A raggedy cloth banner in a Philippine town torn apart by one of the most powerful typhoons on record declares that its residents are "roofless, homeless, but not hopeless". Super Typhoon Haiyan left more than 7,500 people dead or missing and ruined the homes of about four million others when it tore across some of the Philippines' poorest fishing and farming communities.
A month after the typhoon struck, the battle for survival remains undeniably desperate in squalid towns, where masses of survivors huddle on roads still choked with debris while waiting for noodles, rice, water or other essentials being handed out by relief workers.
But the hand-painted message on the banner, hanging above a shop front being repaired on the outskirts of the hard-hit port city of Ormoc, represents a spirit of hope and resilience that resonates throughout the disaster zone.
International relief workers, who spend their lives visiting disaster zones around the world, have expressed surprise and admiration at the outwardly jovial determination of the survivors to "bangon", or rise, again.
"People are really struggling and yet the vast majority have got this incredible spirit where they just refuse to be defeated by this disaster," International Federation of the Red Cross spokesman Patrick Fuller told AFP on Friday after visiting some of the worst-hit areas in and around the coastal city of Tacloban.
And while much of the international focus in the immediate aftermath of the typhoon has been on the enormous relief effort that was initially dominated by a giant US military contingent, many survivors have quietly started rebuilding their lives using their own initiative.
Farmer Pepito Baring and a group of young men were on Friday using a chainsaw in the badly damaged local cemetery to cut coconut trees, which were resting on shattered concrete graves, into planks of timber.

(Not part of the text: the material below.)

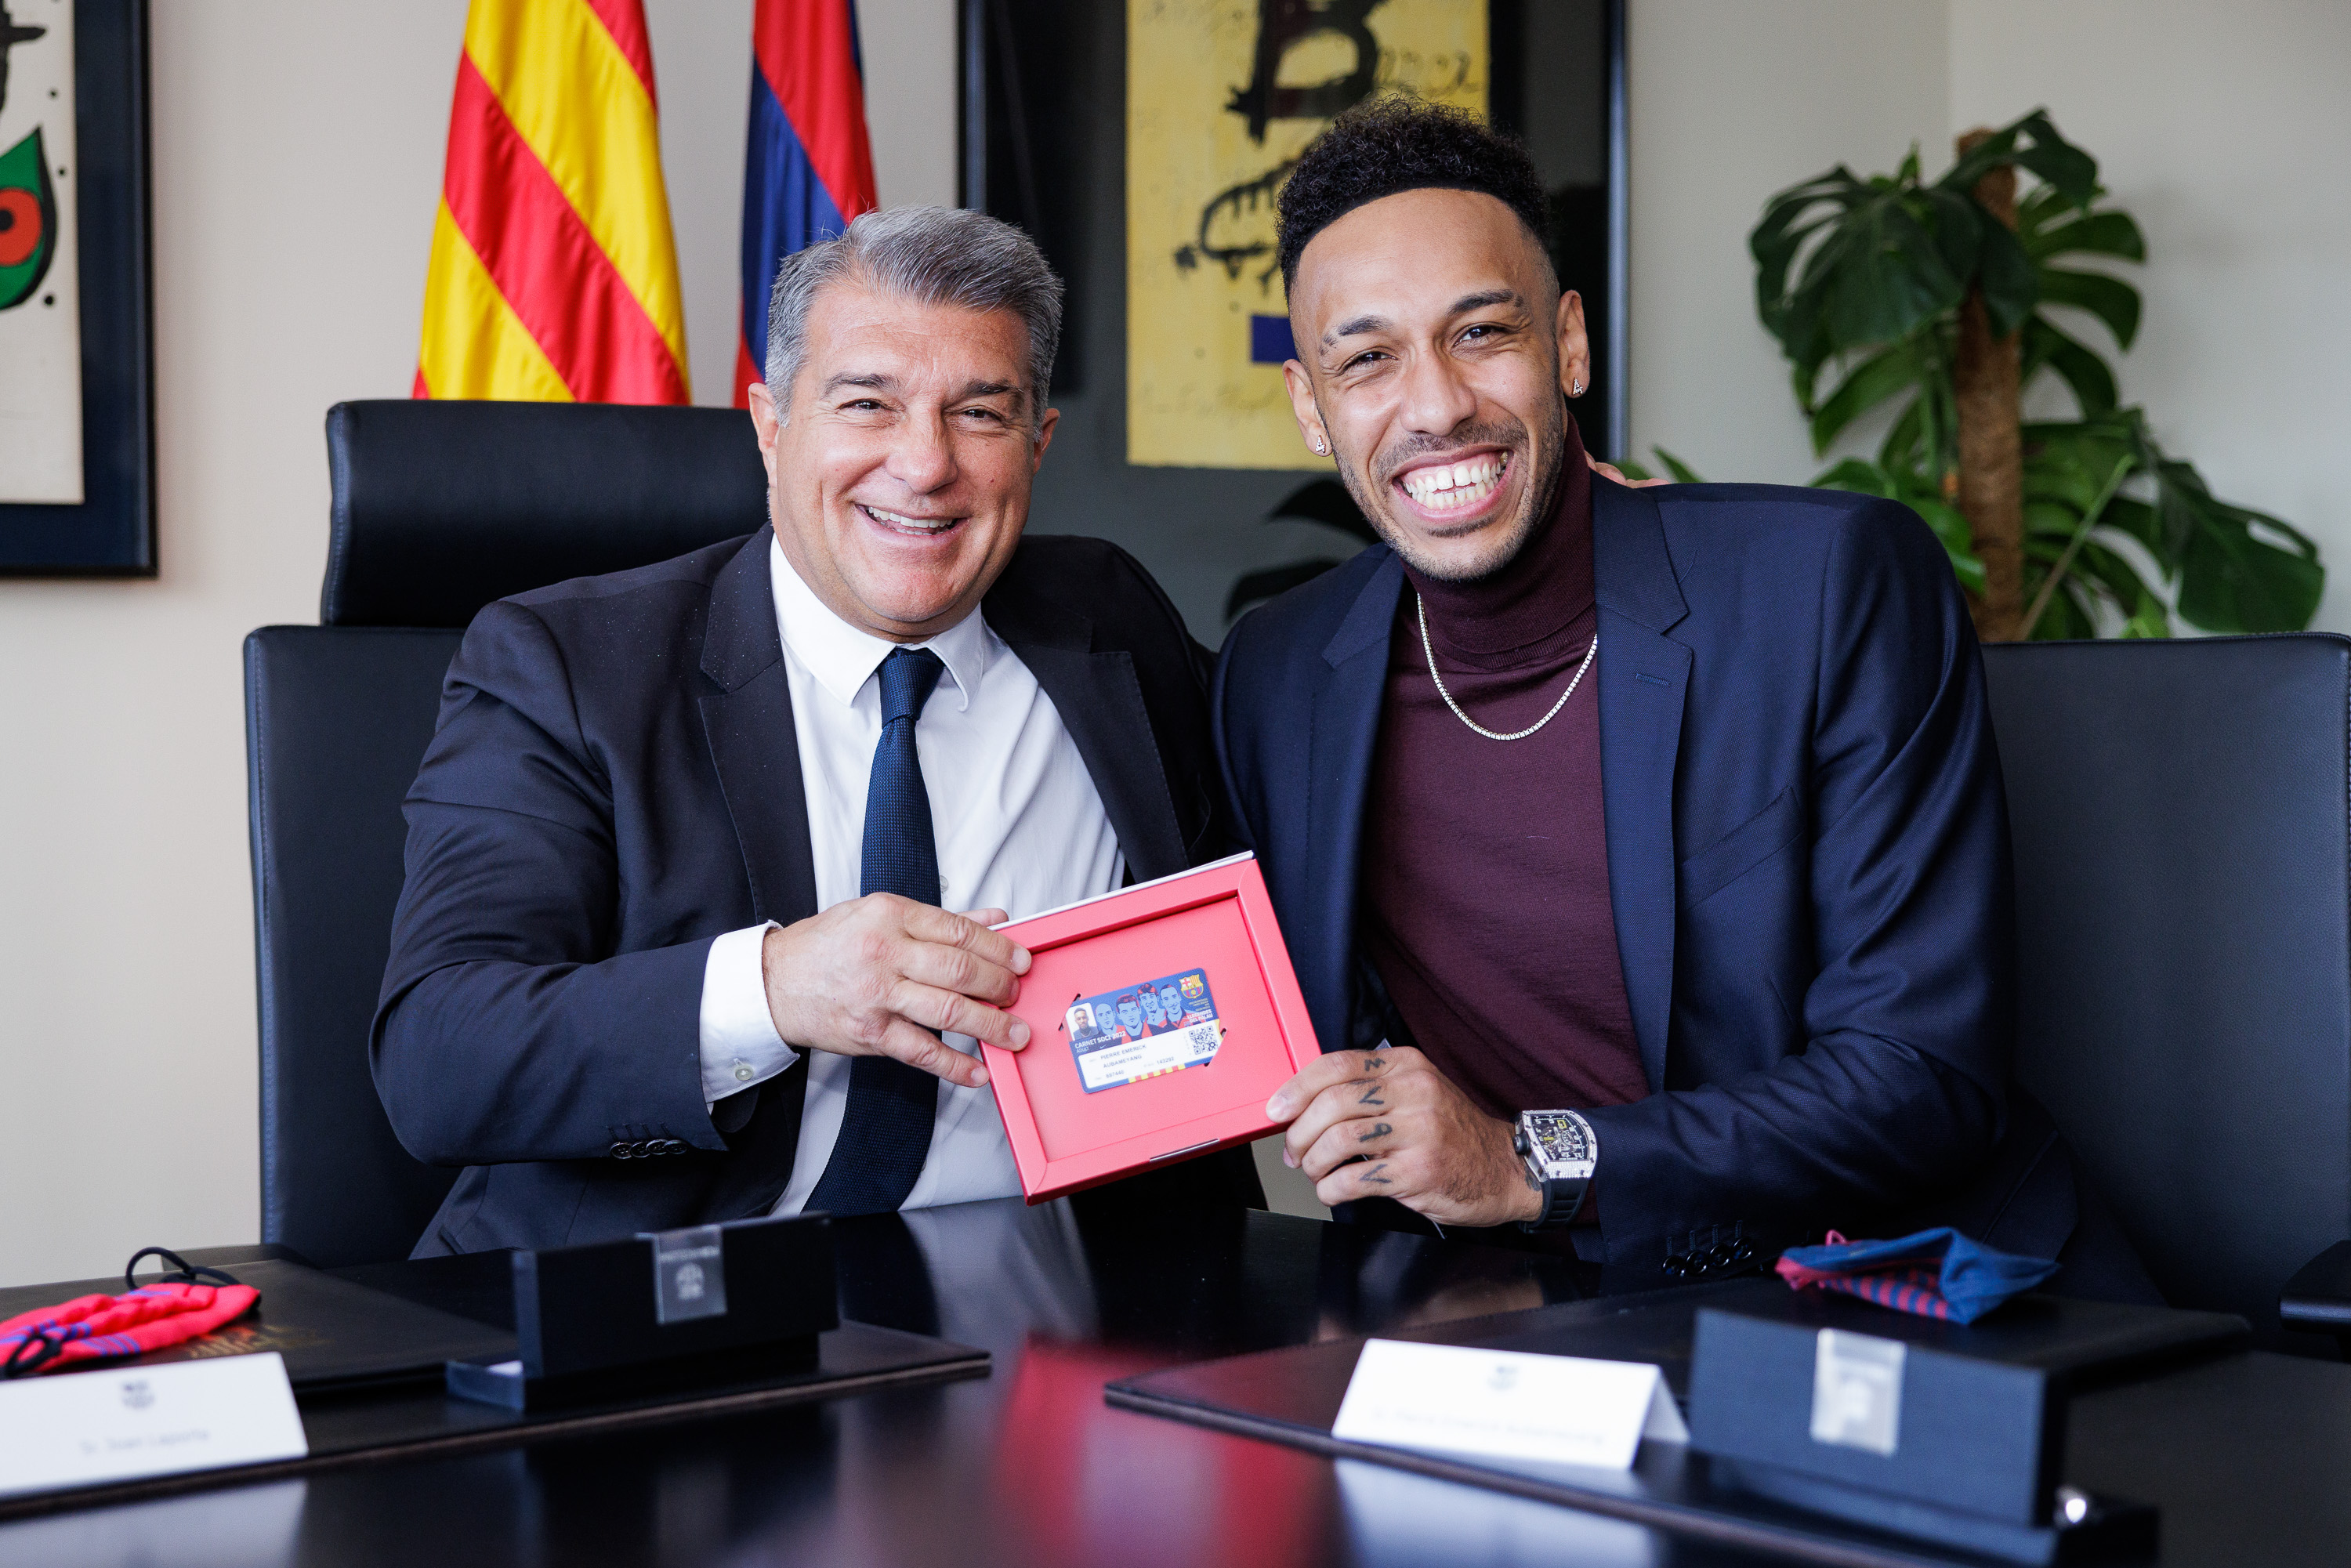 Barca's plan B Aubameyang becomes a must as negotiations continue 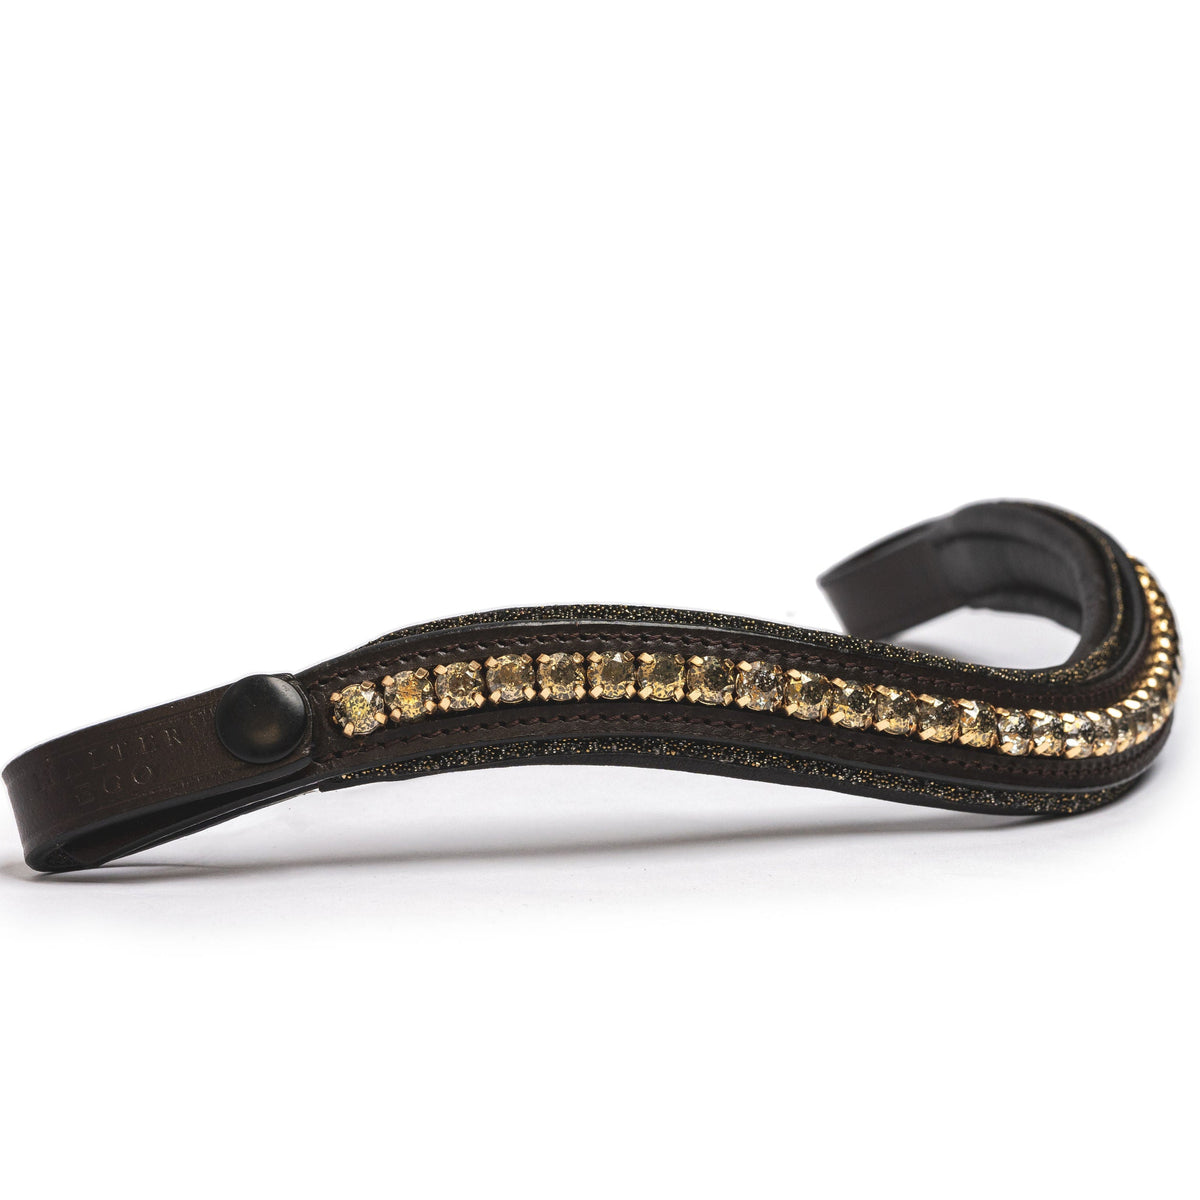 Midas Touch - Limited Edition Brown Leather Browband

Along the 100-kilometre road between the devastated towns of Ormoc and Tacloban, there are many similar, improvised saw mills that have spurred an astonishingly fast construction boom, albeit of flimsy homes that would be equally unable to withstand another typhoon.
Countless homes of farming and urban communities have been resurrected using the "coco lumber", as well as the recycled materials of their destroyed houses and sometimes tarpaulin roofing donated by relief organisations.
The number of people listed by the government as homeless has dropped from more than four million shortly after Haiyan struck to just 94,000, with one important factor, the determination of survivors to rebuild their homes themselves using whatever means they can.
Healing Haiyan's wounds to take years
Nevertheless, the poorly rebuilt homes are just band-aids over a gruesome wound that authorities say will take many years and billions of dollars to heal.
Most areas of the central Leyte and Samar islands that were the worst hit by Haiyan remain without electricity and supplies of drinking water.
And nearly three million people remain reliant on life-saving food aid or farming support, such as crop seeds, according to the United Nations.
People living in ruined communities along the sides of major roads on Leyte write messages on boards, such as: "Help us, we need food", in the hope of getting a relief truck to stop.
Yet, desperation should not always be confused for despair.
In one devastated coastal community on the outskirts of Tacloban, hundreds of people queued on Friday for what they said were their first supplies of bottled water for a week.
Among them was Rosalinda Tabao, 55, a mother-of-six who lost her shanty home, her vegetable-stall business and three cousins when Haiyan's tsunami-like storm surges swept across their town.
Tabao said her family lost everything, including all their money and the vegetable crops on a small plot of land they rented and which supplied her vegetable stall.
But Tabao refused to be defeated.
Four days after Haiyan struck, Tabao made a seven-hour bus trip to Ormoc and bought 500 pesos ($12) worth of Chinese cabbage seeds using money donated by her mother-in-law, and sent her husband to plant them on their tiny farm.
"They should be ready in a month," Tabao said as she stood in the queue waiting for water. "Once they are ready, I'll sell them and use the money to buy more seeds, maybe eggplant."
Like her neighbours, Tabao and her husband had also quickly rebuilt a temporary shelter where their old home stood using salvaged materials.
Asked about her strongest emotions over the past month, Tabao said: "I hope. As long as I live, I'll continue to hope."